• _Work instruction_: Quote all entries exactly, leaving pictures aside.

• _Listed records_:

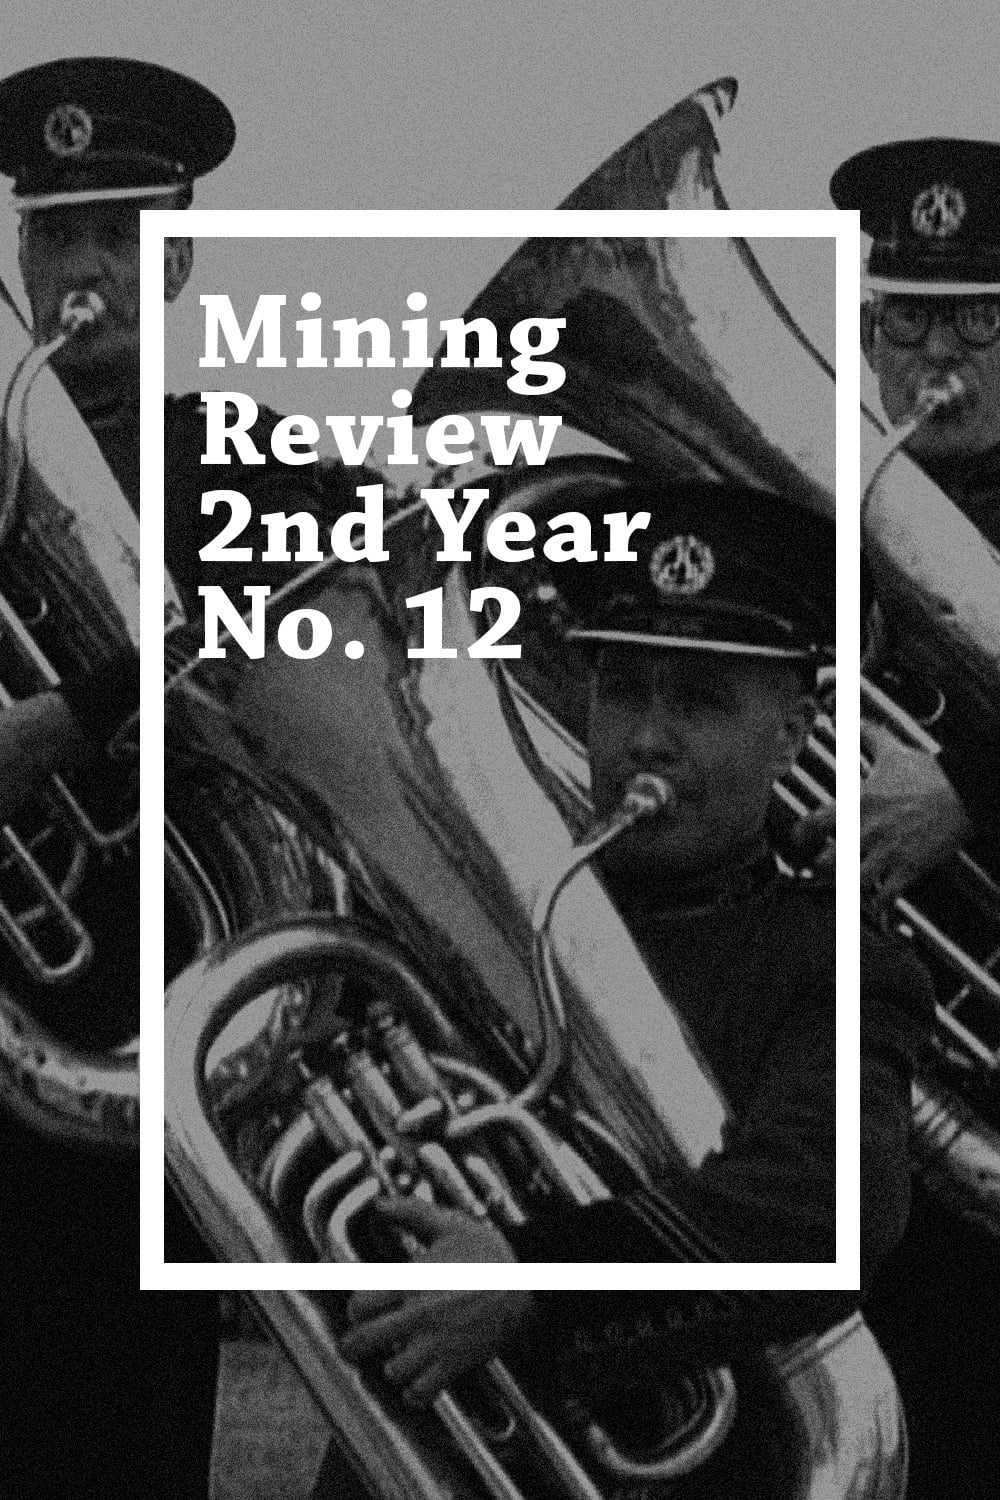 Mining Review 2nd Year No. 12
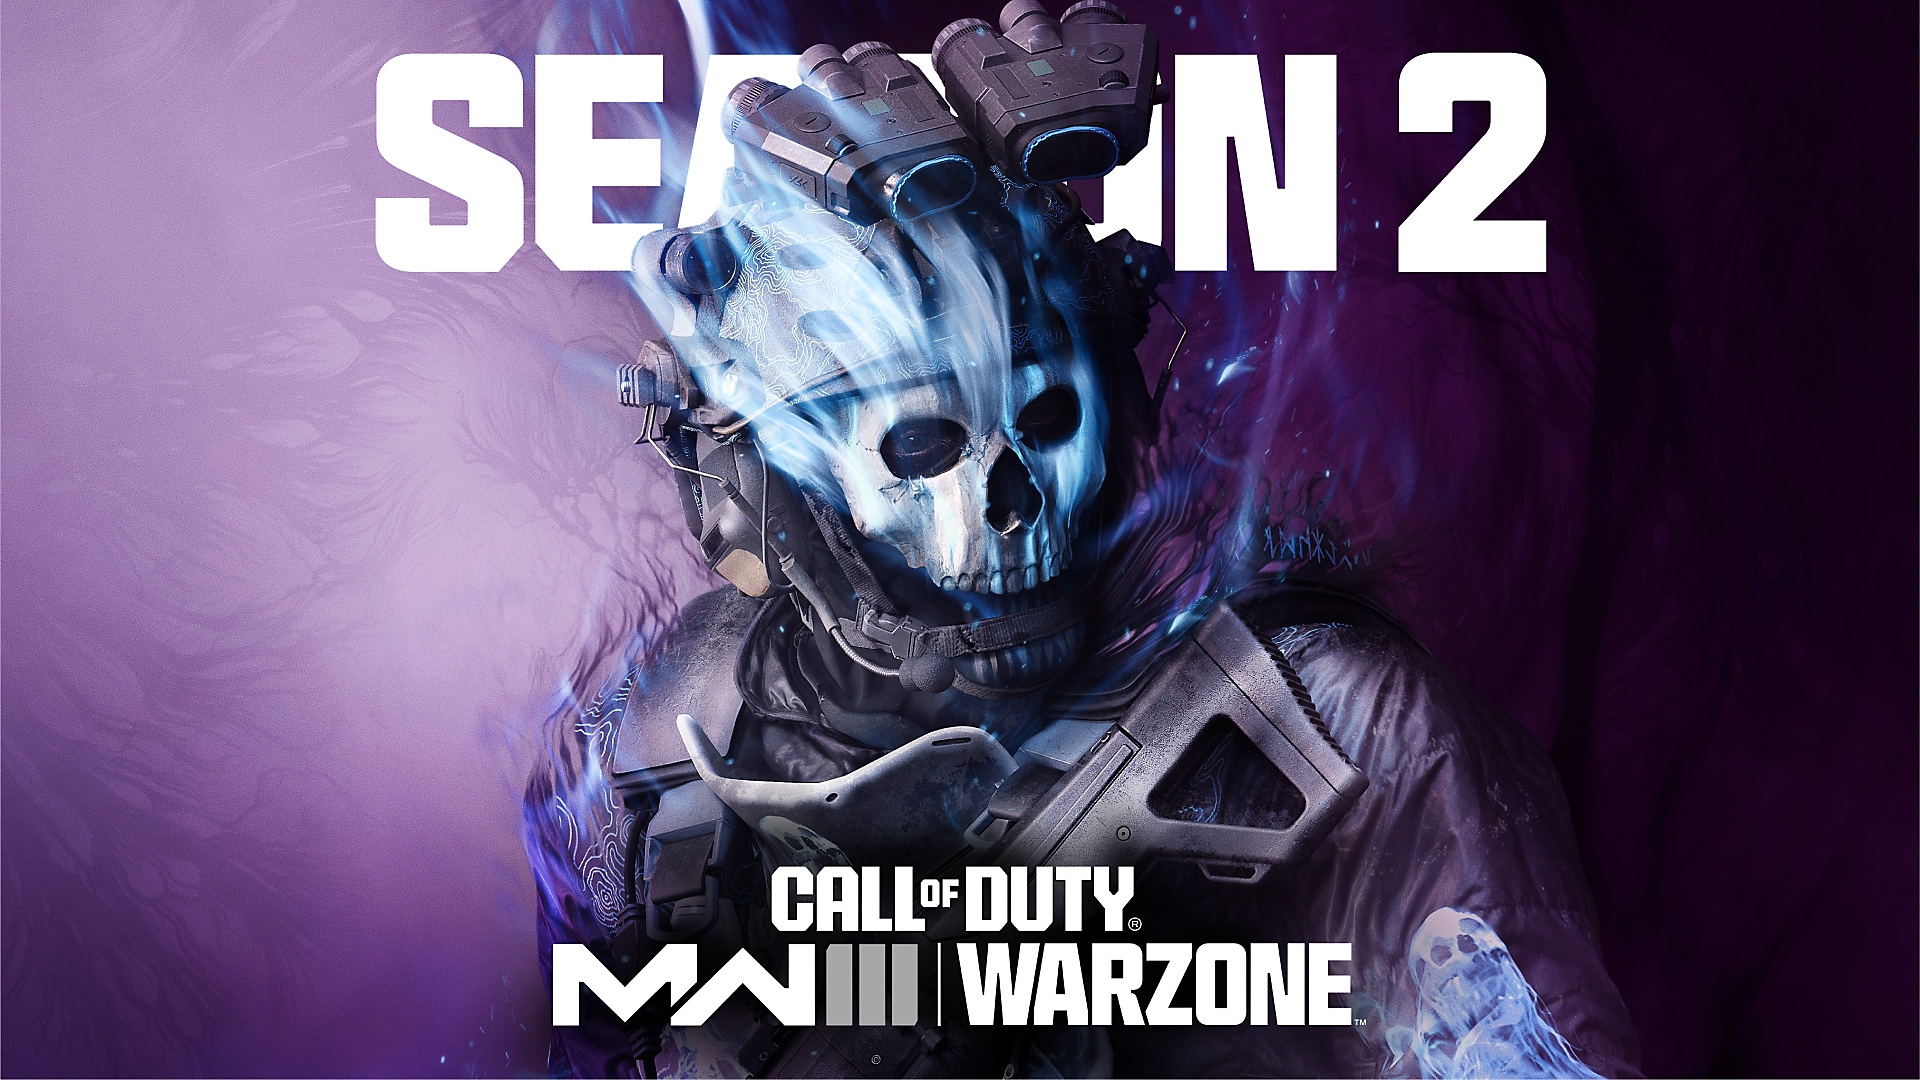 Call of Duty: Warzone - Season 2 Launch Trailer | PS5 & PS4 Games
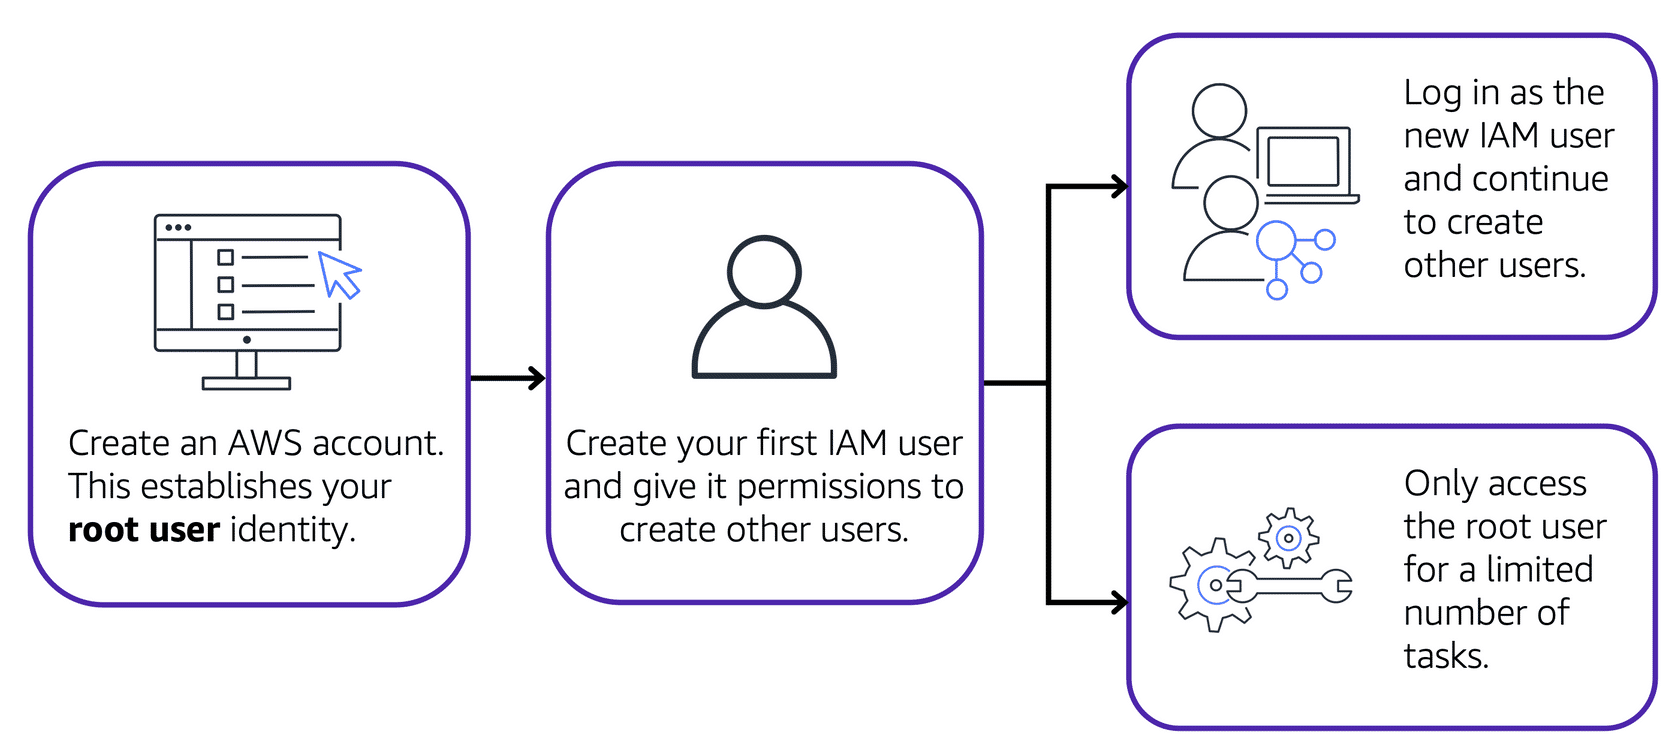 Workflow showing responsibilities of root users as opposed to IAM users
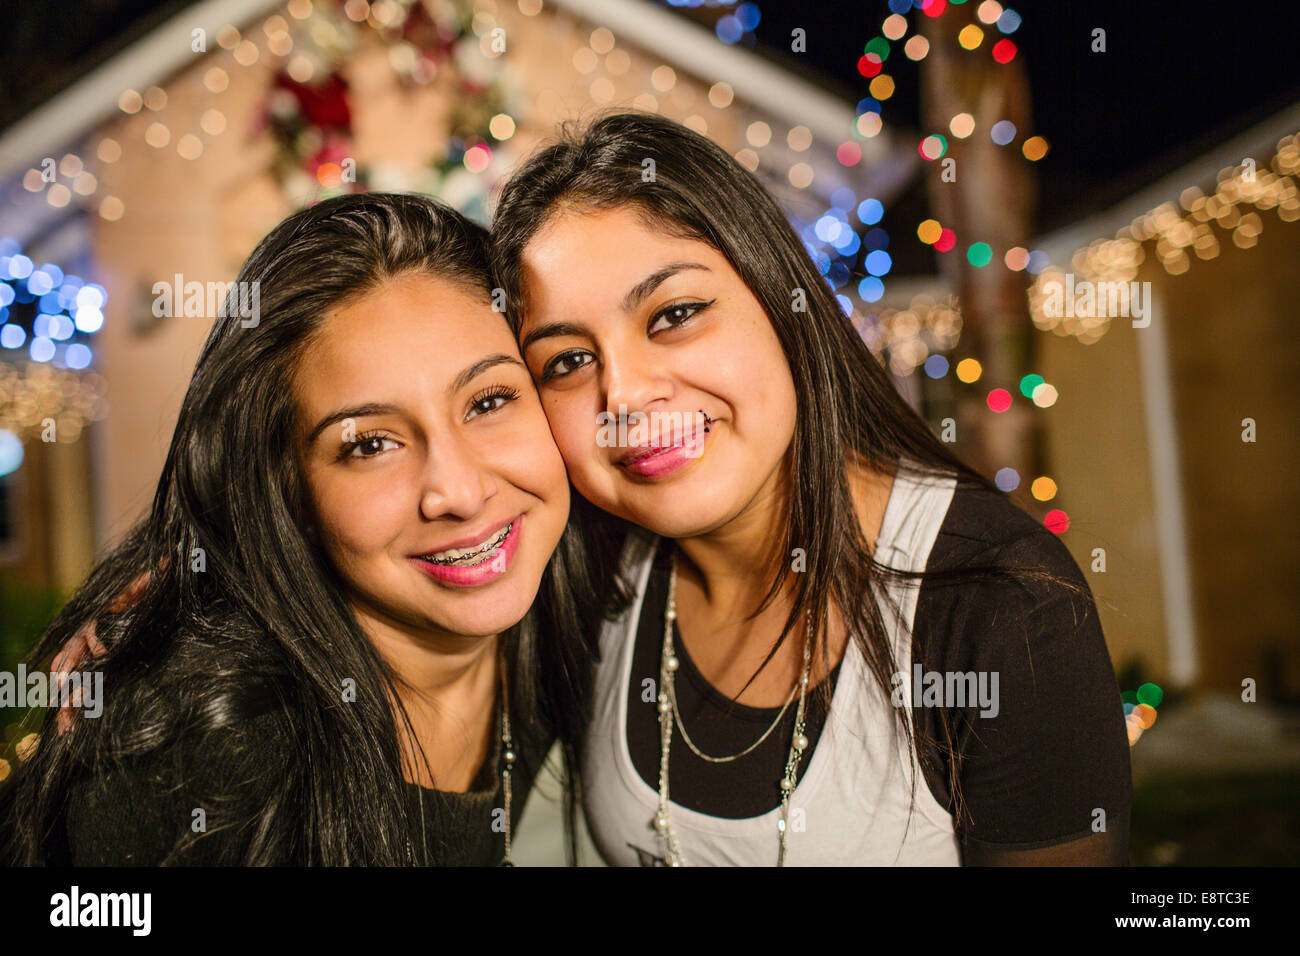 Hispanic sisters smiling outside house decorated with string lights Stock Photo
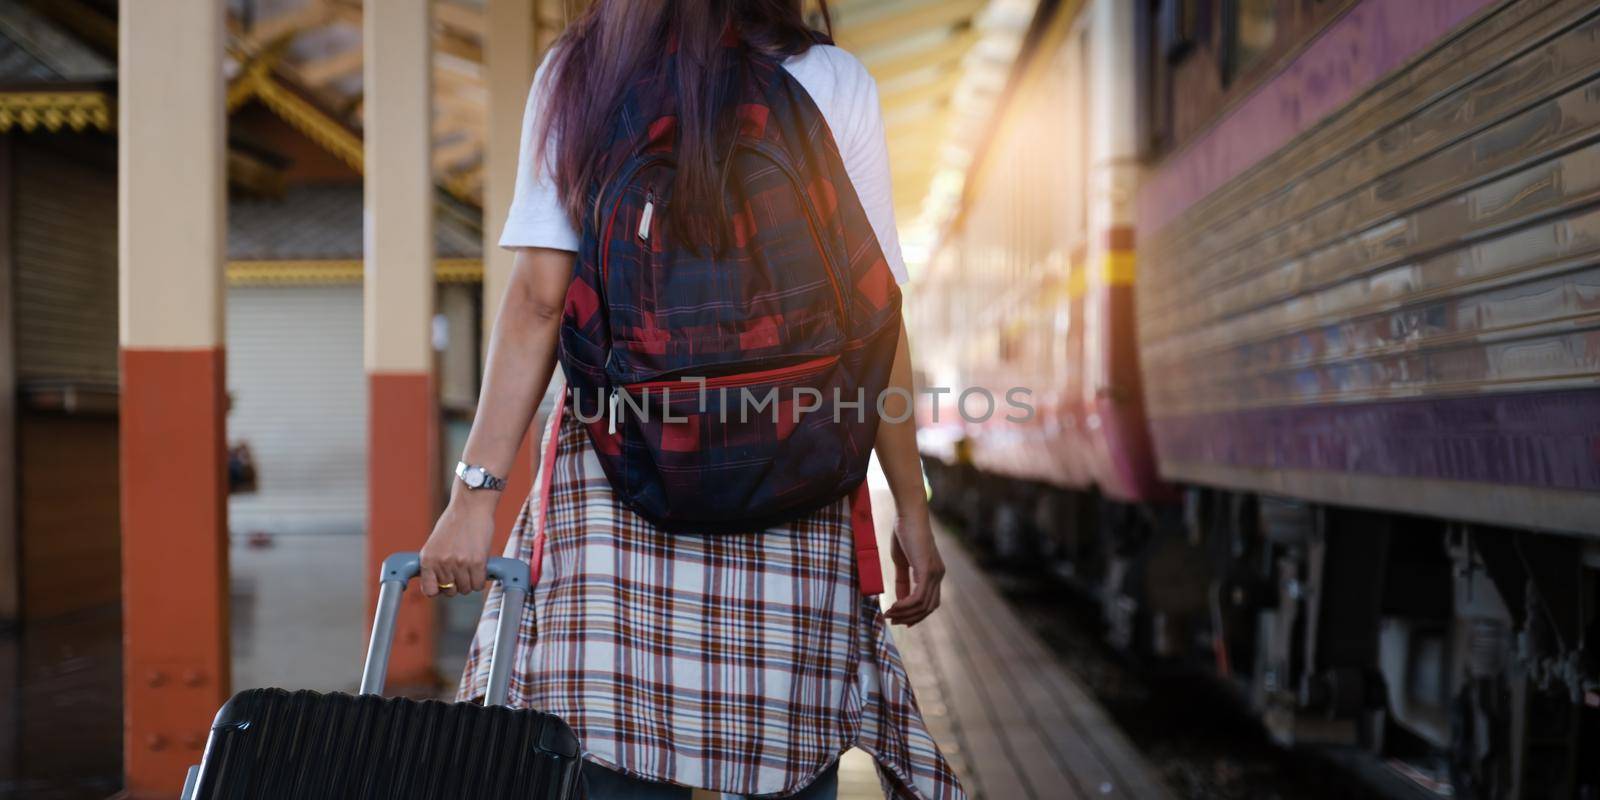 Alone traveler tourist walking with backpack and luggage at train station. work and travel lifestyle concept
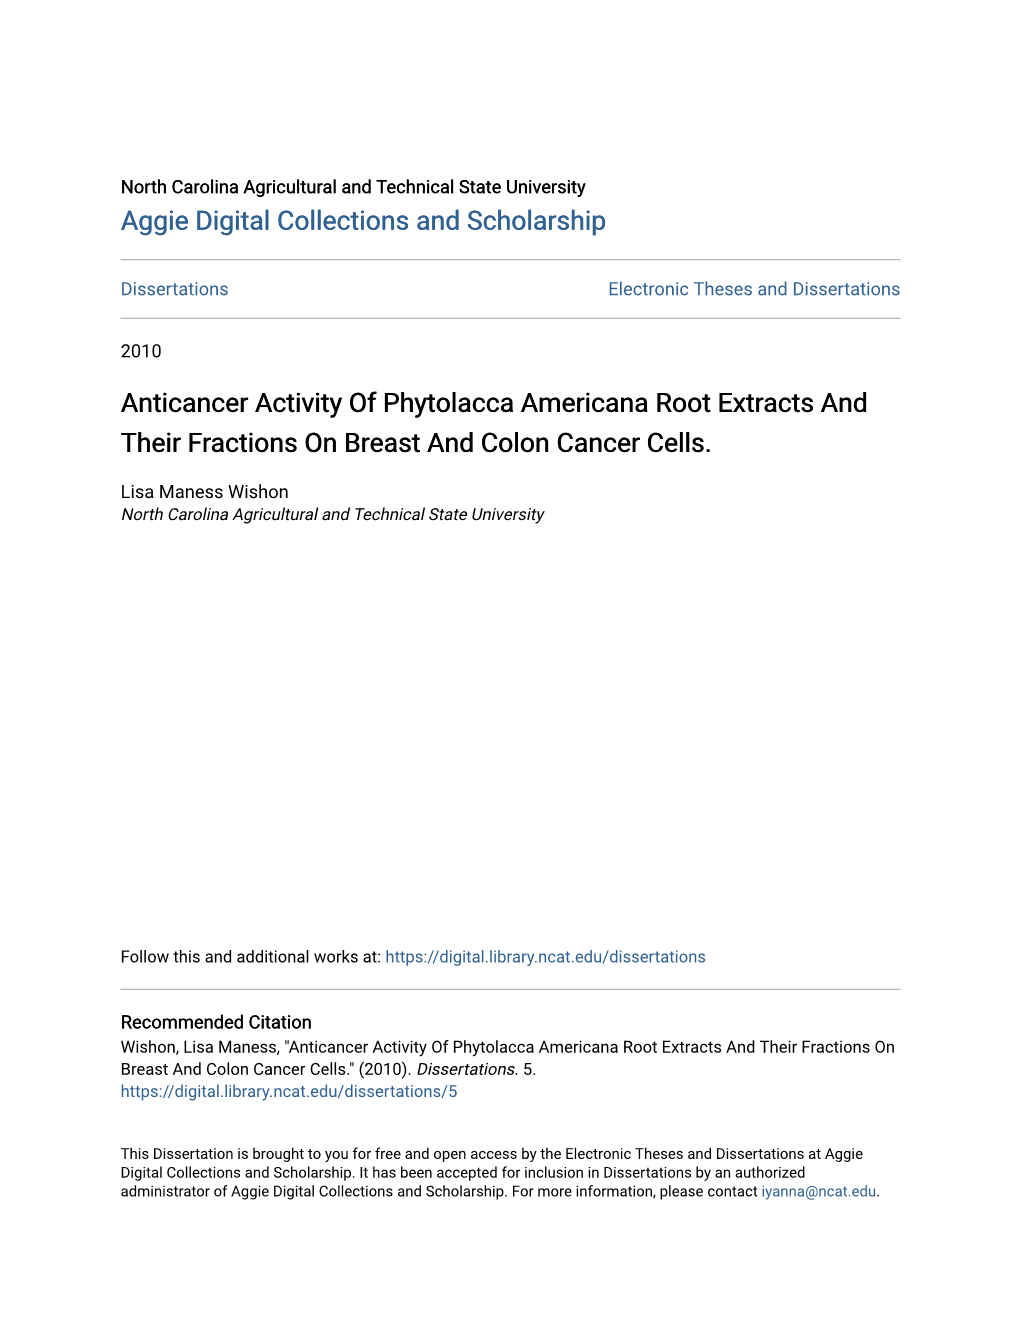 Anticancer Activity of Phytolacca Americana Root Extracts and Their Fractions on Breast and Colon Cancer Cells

• _Written answer_:
 Mining Review 2nd Year No. 12
 Call of Duty: Warzone - Season 2 Launch Trailer | PS5 & PS4 Games
 Workflow showing responsibilities of root users as opposed to IAM users
 Hispanic sisters smiling outside house decorated with string lights Stock Photo
 Alone traveler tourist walking with backpack and luggage at train station. work and travel lifestyle concept
 Anticancer Activity of Phytolacca Americana Root Extracts and Their Fractions on Breast and Colon Cancer Cells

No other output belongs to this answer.